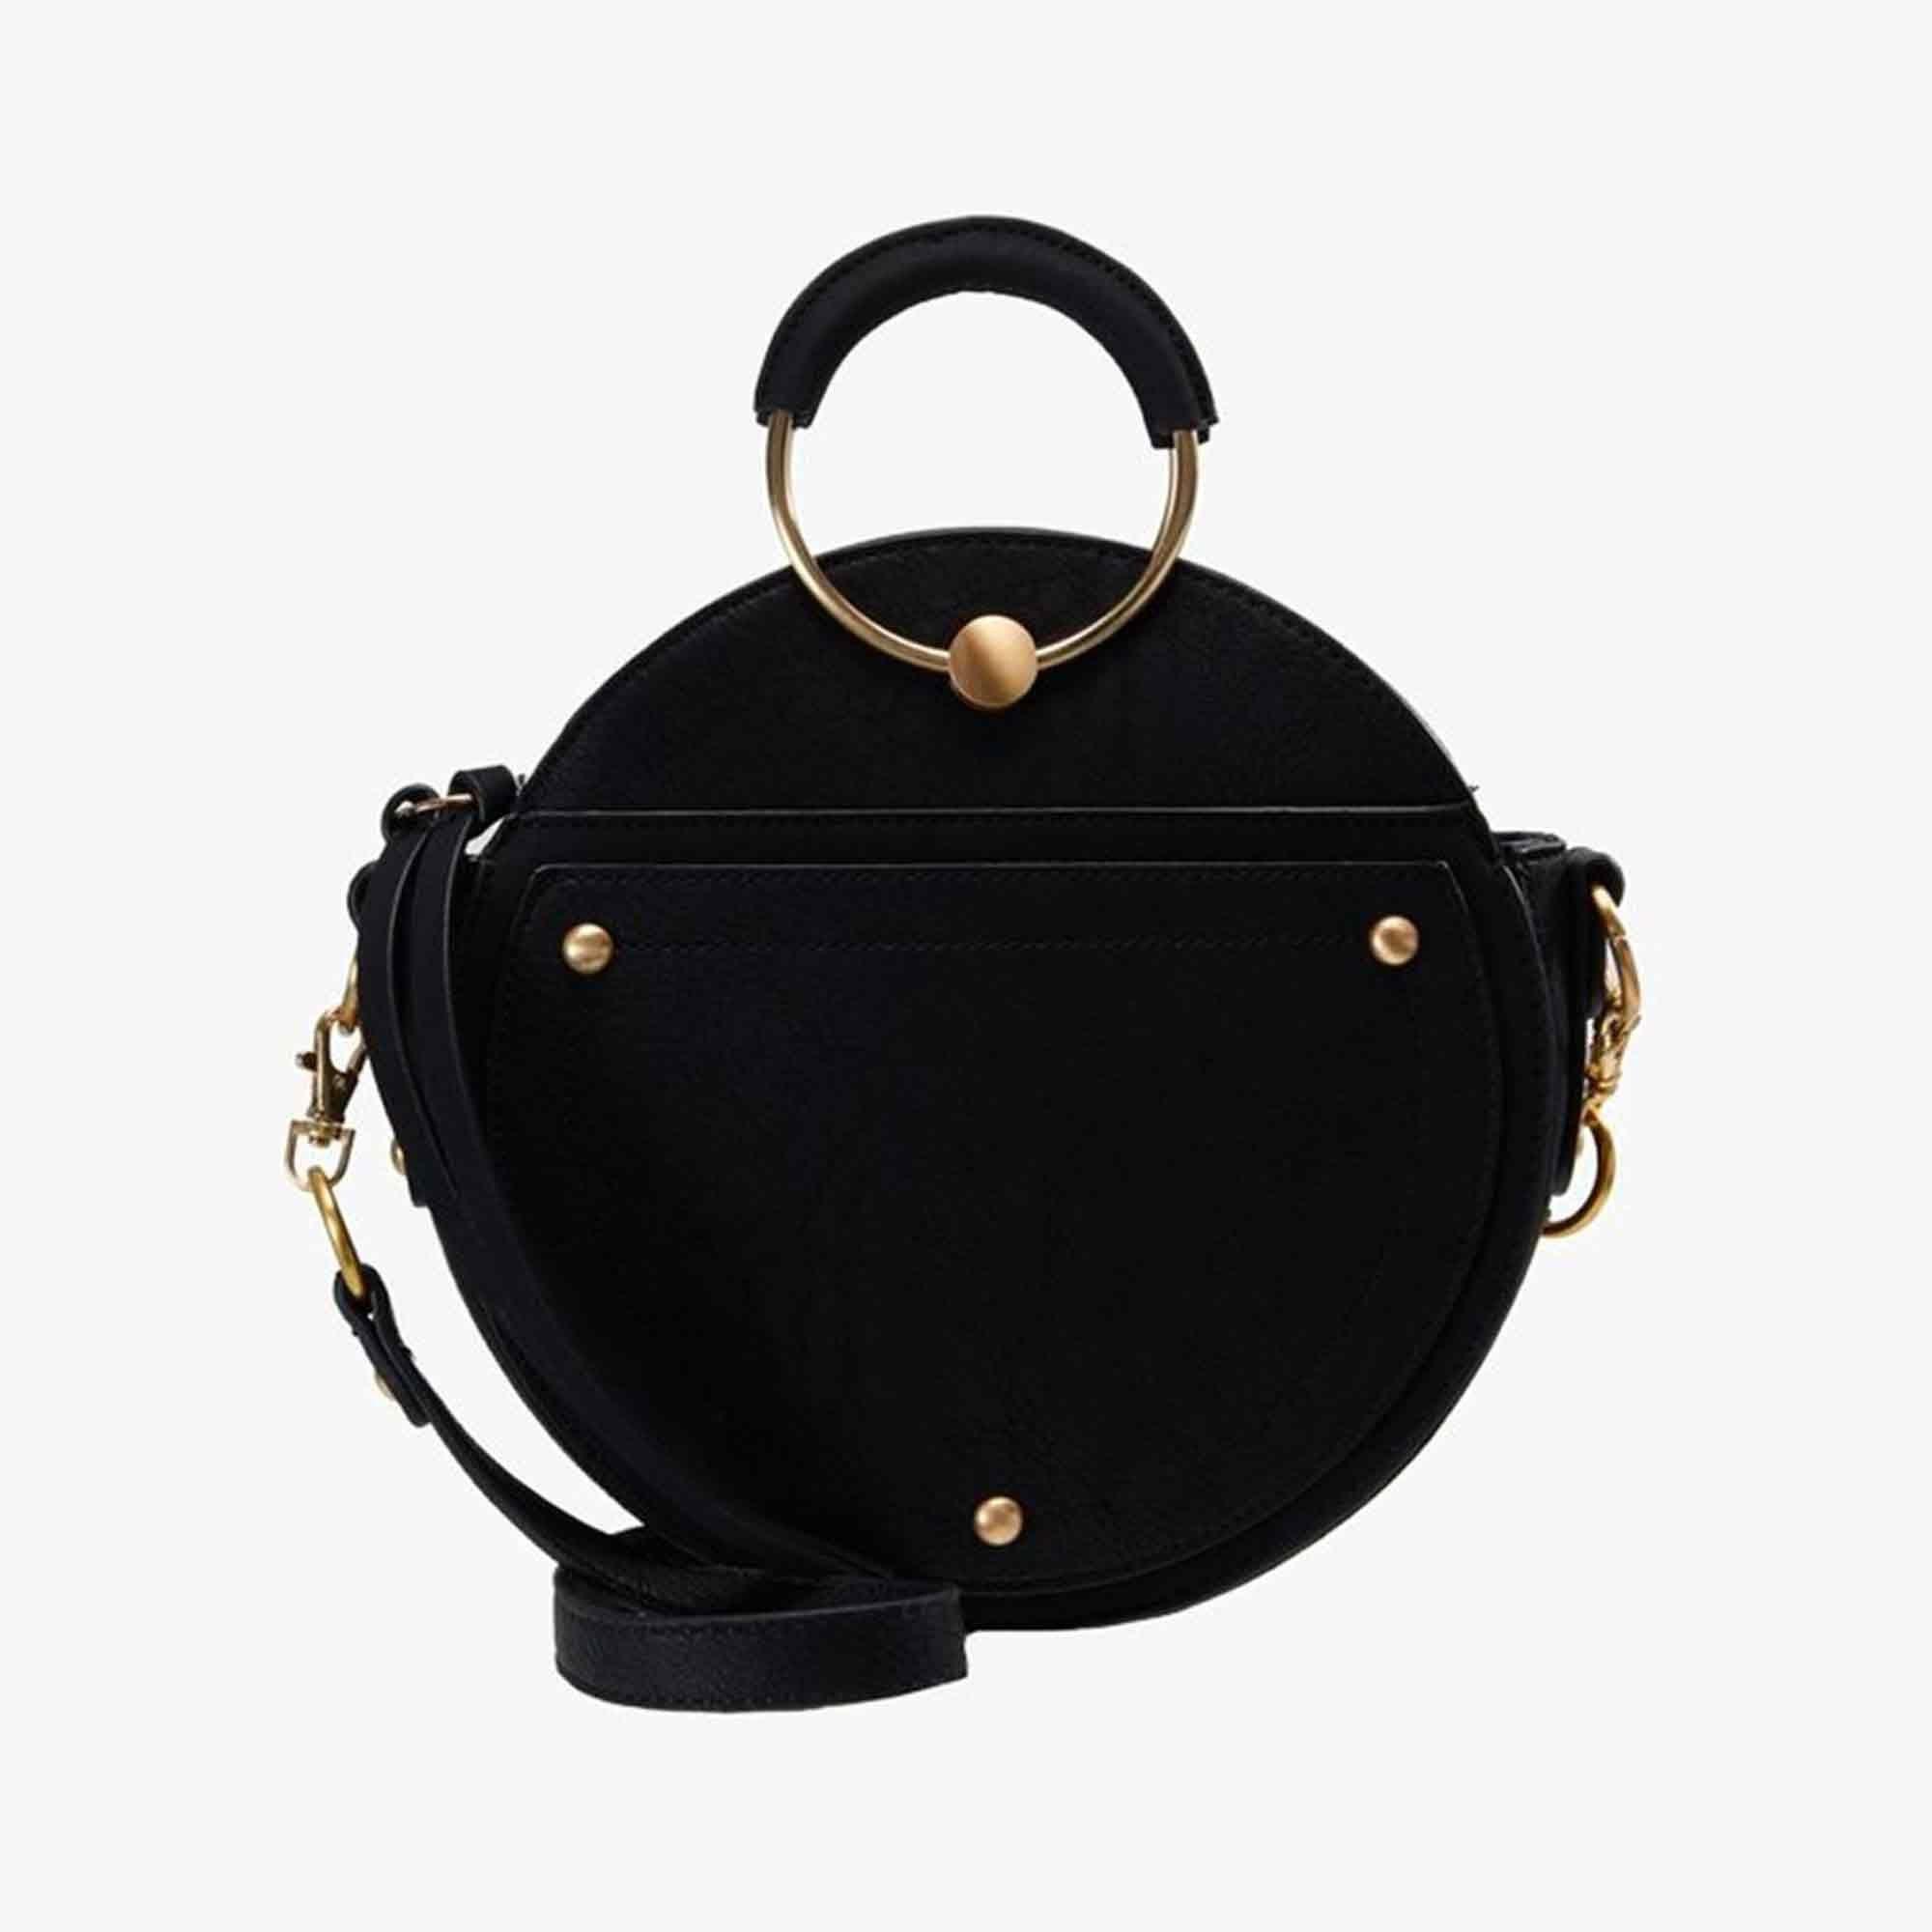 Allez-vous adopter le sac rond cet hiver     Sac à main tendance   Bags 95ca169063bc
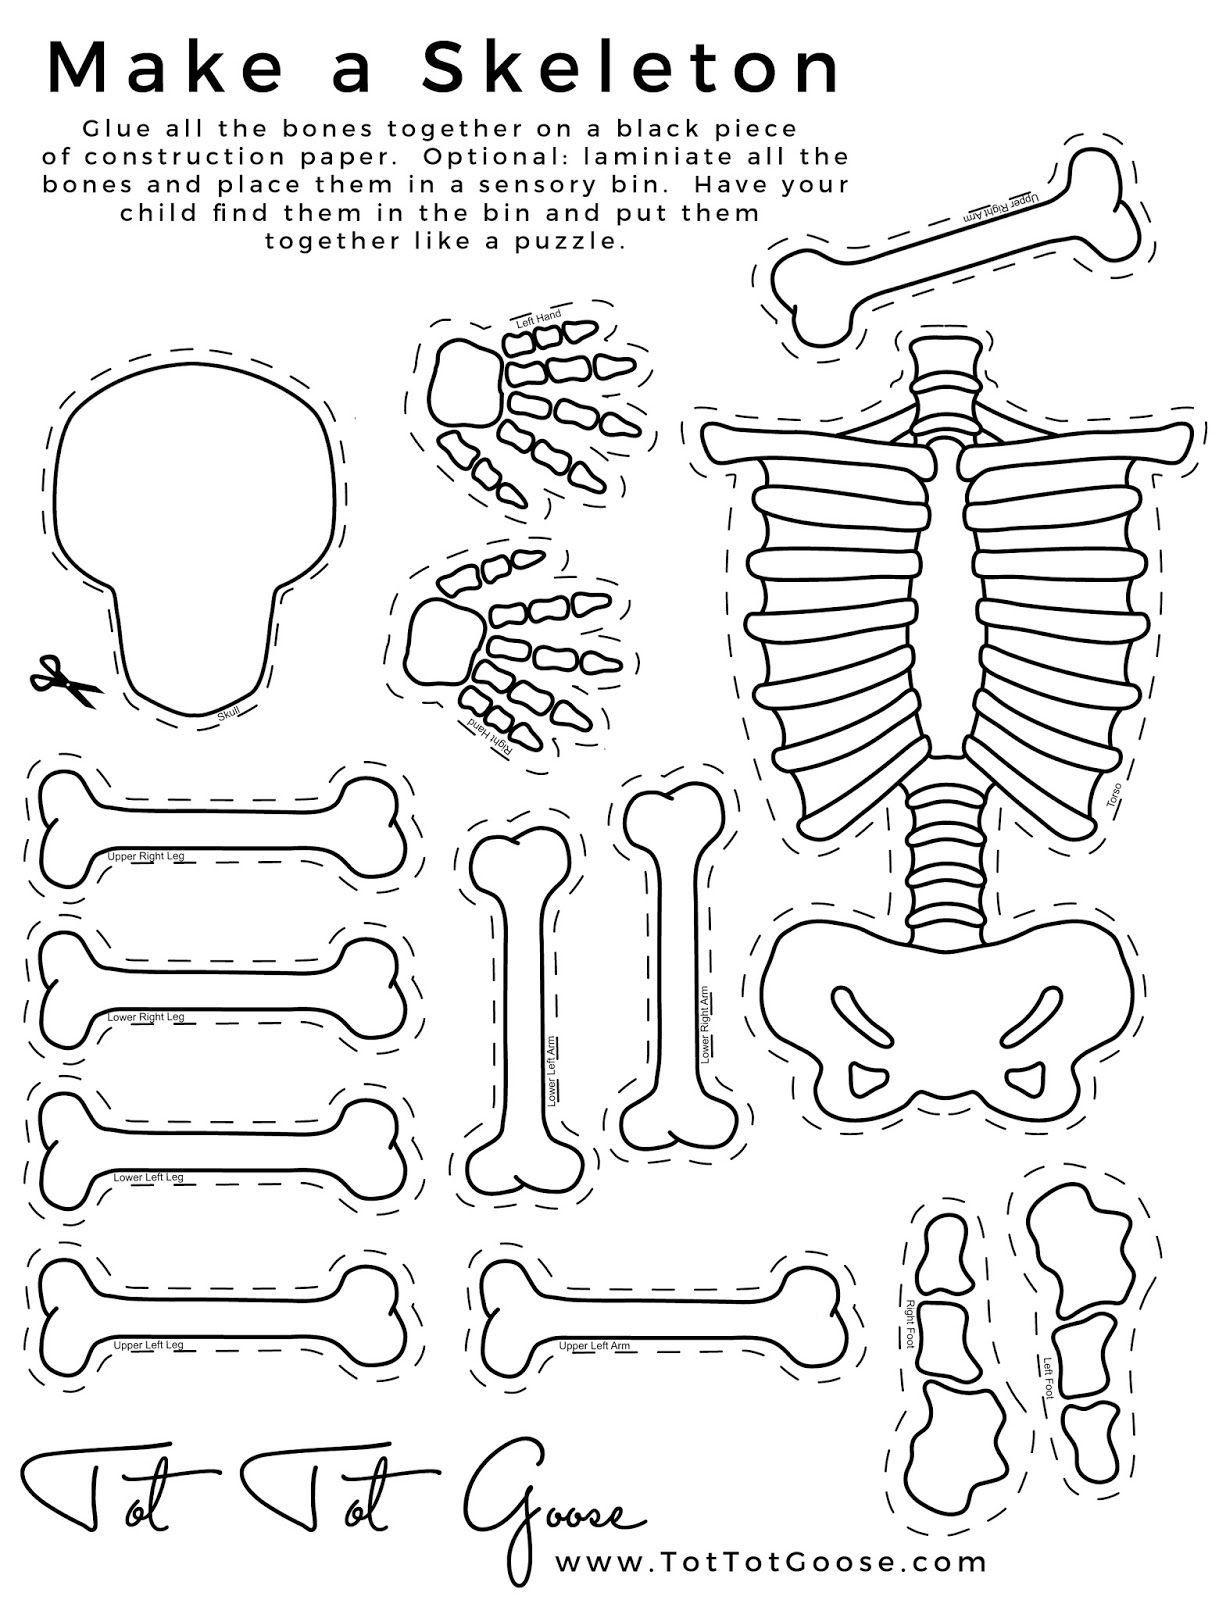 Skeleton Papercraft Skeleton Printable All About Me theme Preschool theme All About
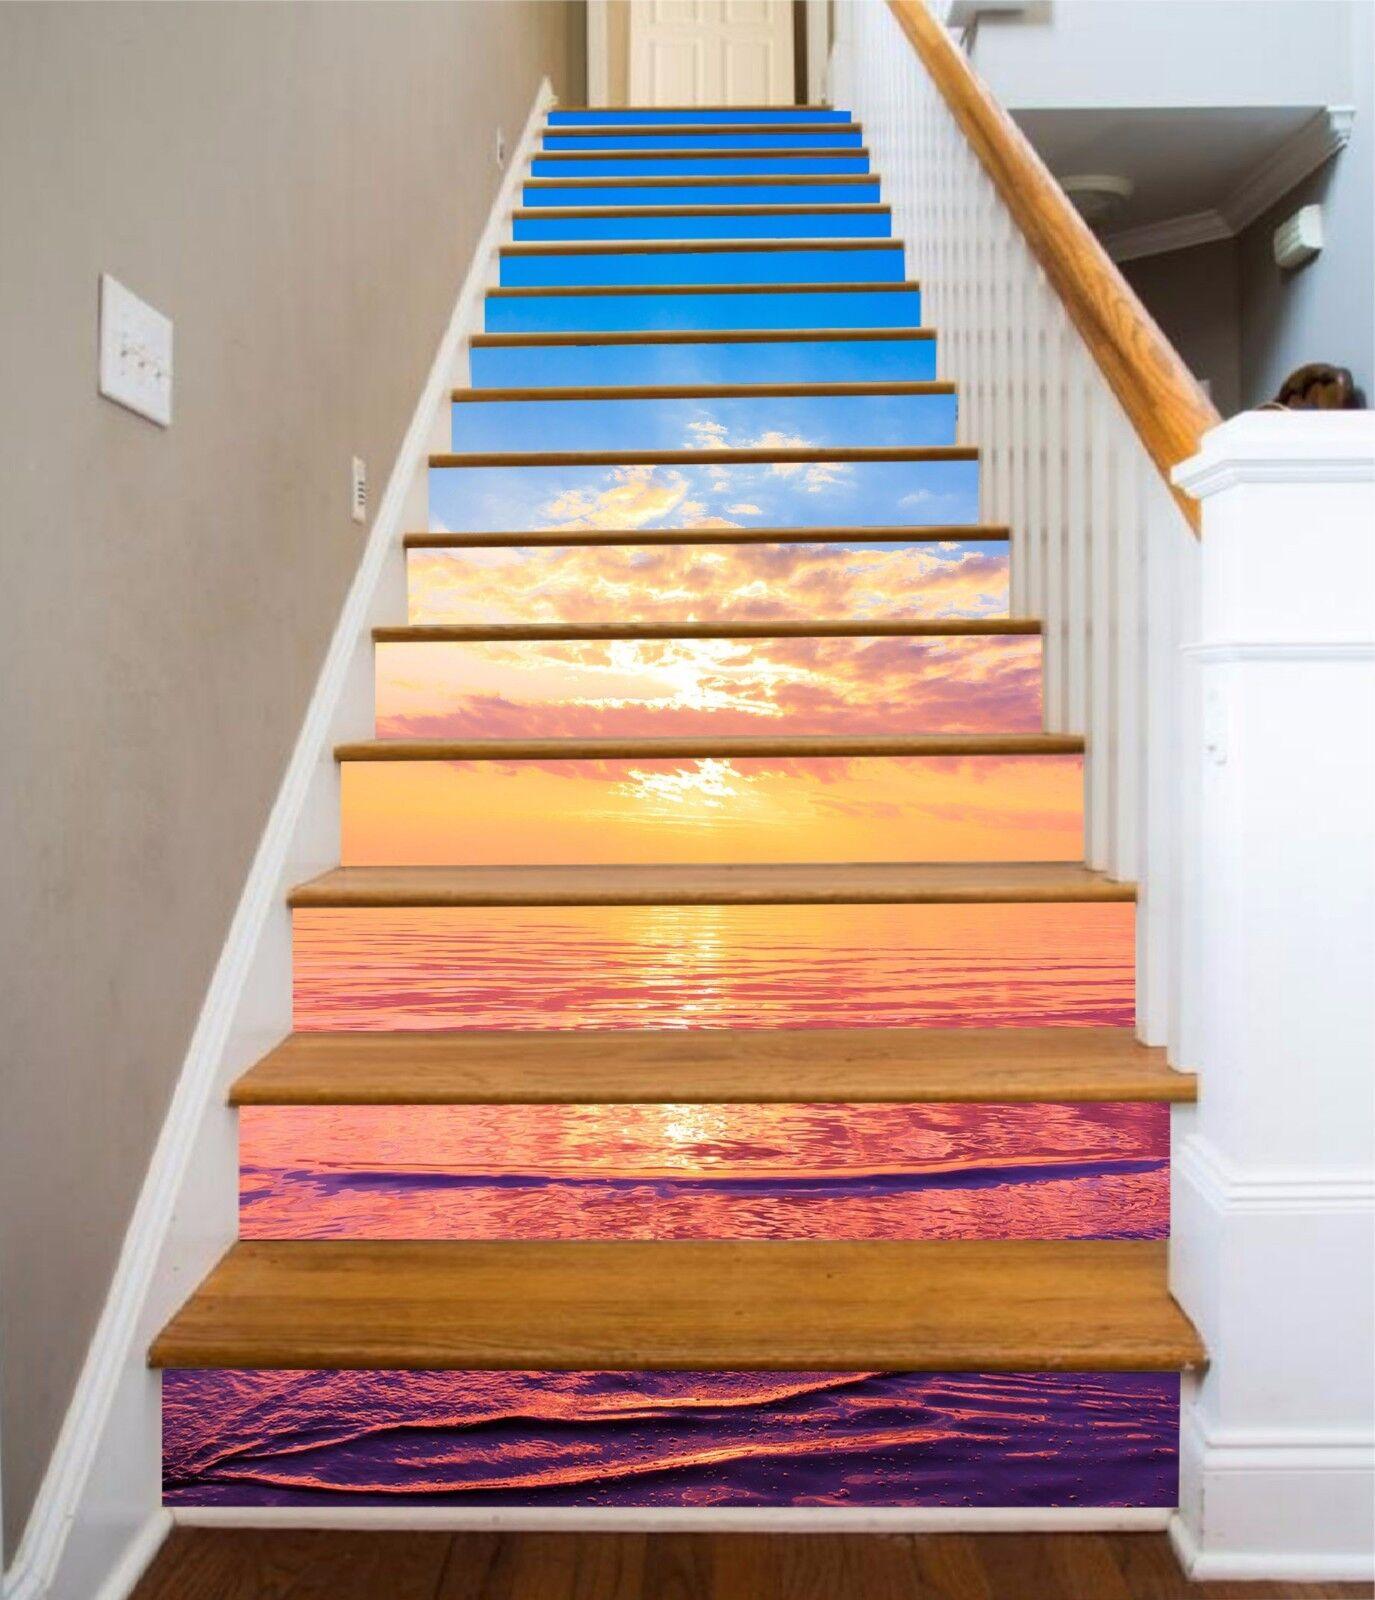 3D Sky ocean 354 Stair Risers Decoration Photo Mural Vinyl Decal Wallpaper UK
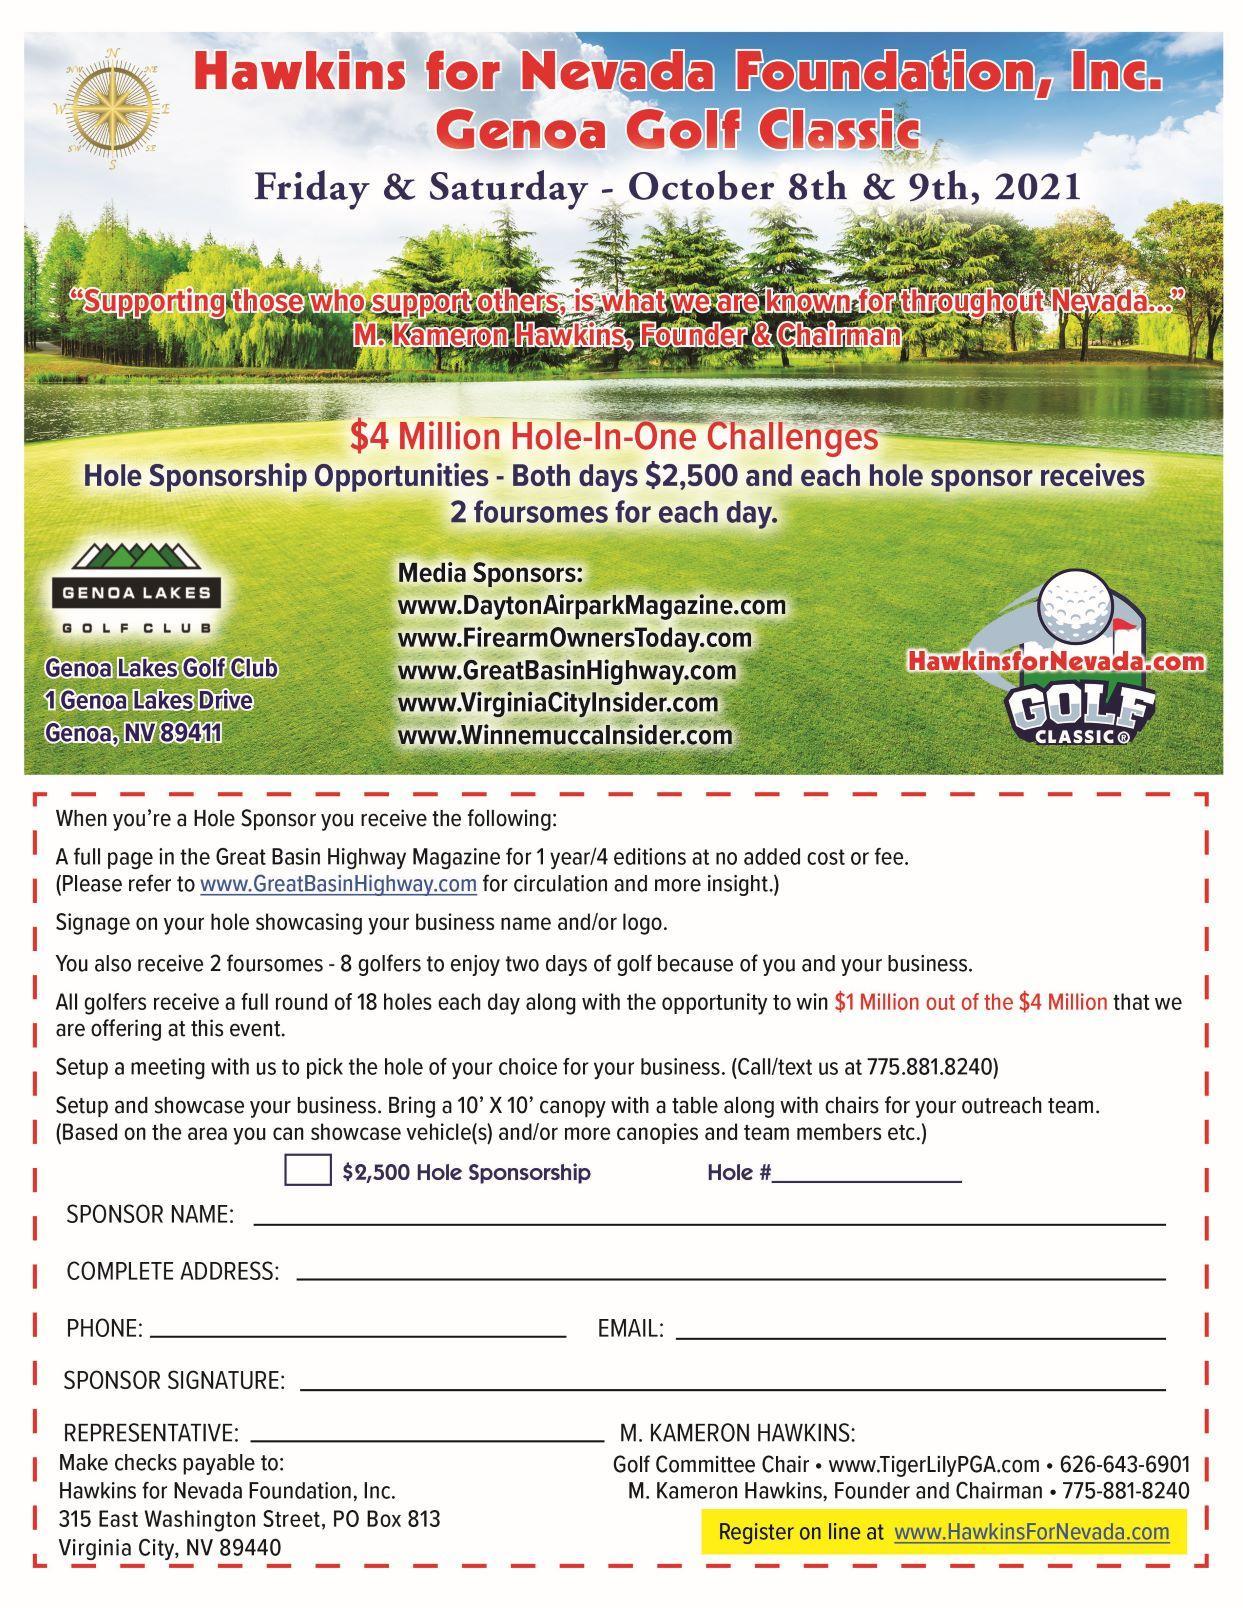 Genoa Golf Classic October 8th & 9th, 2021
————————
Could you repeat all of the data exactly, minus the pictures?

(EXERCISE OUTPUT):
 Allez-vous adopter le sac rond cet hiver     Sac à main tendance   Bags 95ca169063bc
 Skeleton Papercraft Skeleton Printable All About Me theme Preschool theme All About
 3D Sky ocean 354 Stair Risers Decoration Photo Mural Vinyl Decal Wallpaper UK
 Genoa Golf Classic October 8th & 9th, 2021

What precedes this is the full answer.